[TASK DETAILS] Begin with the line that contains "Cryptik : Juliana" and transcribe each line after it, up to and including the last line of the listing below.
========
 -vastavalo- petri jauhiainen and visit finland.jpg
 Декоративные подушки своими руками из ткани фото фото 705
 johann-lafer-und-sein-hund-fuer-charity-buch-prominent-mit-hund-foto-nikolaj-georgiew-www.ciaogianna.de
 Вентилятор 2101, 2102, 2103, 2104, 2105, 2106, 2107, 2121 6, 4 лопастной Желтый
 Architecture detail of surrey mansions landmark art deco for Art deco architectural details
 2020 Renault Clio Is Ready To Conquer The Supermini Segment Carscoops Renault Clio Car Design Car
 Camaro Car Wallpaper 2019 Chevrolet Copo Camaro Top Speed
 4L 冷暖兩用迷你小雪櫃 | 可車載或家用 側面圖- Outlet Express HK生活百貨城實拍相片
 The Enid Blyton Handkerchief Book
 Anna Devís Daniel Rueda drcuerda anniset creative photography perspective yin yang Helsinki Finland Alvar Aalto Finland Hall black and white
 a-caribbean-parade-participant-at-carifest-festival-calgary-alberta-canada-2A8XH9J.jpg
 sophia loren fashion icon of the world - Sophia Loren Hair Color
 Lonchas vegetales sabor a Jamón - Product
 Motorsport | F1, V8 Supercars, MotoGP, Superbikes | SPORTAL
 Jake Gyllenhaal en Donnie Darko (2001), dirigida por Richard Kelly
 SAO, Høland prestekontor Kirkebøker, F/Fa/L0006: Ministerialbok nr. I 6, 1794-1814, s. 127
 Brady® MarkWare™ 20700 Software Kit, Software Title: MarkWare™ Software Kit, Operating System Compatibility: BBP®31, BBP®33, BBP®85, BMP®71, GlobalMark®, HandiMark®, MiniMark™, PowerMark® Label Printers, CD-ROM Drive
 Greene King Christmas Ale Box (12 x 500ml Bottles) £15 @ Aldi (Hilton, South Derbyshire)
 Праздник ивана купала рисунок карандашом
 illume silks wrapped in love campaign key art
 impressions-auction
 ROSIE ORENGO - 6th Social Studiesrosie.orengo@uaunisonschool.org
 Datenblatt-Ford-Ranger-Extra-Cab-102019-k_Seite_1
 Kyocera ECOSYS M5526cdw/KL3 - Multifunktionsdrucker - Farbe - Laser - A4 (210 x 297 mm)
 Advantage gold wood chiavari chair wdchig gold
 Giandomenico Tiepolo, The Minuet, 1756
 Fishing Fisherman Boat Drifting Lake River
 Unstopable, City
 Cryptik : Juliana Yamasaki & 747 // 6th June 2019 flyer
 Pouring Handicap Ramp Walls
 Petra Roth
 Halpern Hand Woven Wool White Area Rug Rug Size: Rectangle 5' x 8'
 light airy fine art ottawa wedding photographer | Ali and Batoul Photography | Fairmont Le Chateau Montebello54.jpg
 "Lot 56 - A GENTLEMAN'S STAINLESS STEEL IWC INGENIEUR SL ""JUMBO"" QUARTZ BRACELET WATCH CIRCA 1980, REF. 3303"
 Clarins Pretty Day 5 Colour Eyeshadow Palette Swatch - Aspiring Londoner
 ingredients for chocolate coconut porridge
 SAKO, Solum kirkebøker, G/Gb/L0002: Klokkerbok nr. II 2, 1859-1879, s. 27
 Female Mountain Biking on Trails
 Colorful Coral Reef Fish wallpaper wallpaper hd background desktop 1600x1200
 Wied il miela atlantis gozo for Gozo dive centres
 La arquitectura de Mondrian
========
[ANSWER TO THE PROBLEM]
 Cryptik : Juliana Yamasaki & 747 // 6th June 2019 flyer
 Pouring Handicap Ramp Walls
 Petra Roth
 Halpern Hand Woven Wool White Area Rug Rug Size: Rectangle 5' x 8'
 light airy fine art ottawa wedding photographer | Ali and Batoul Photography | Fairmont Le Chateau Montebello54.jpg
 "Lot 56 - A GENTLEMAN'S STAINLESS STEEL IWC INGENIEUR SL ""JUMBO"" QUARTZ BRACELET WATCH CIRCA 1980, REF. 3303"
 Clarins Pretty Day 5 Colour Eyeshadow Palette Swatch - Aspiring Londoner
 ingredients for chocolate coconut porridge
 SAKO, Solum kirkebøker, G/Gb/L0002: Klokkerbok nr. II 2, 1859-1879, s. 27
 Female Mountain Biking on Trails
 Colorful Coral Reef Fish wallpaper wallpaper hd background desktop 1600x1200
 Wied il miela atlantis gozo for Gozo dive centres
 La arquitectura de Mondrian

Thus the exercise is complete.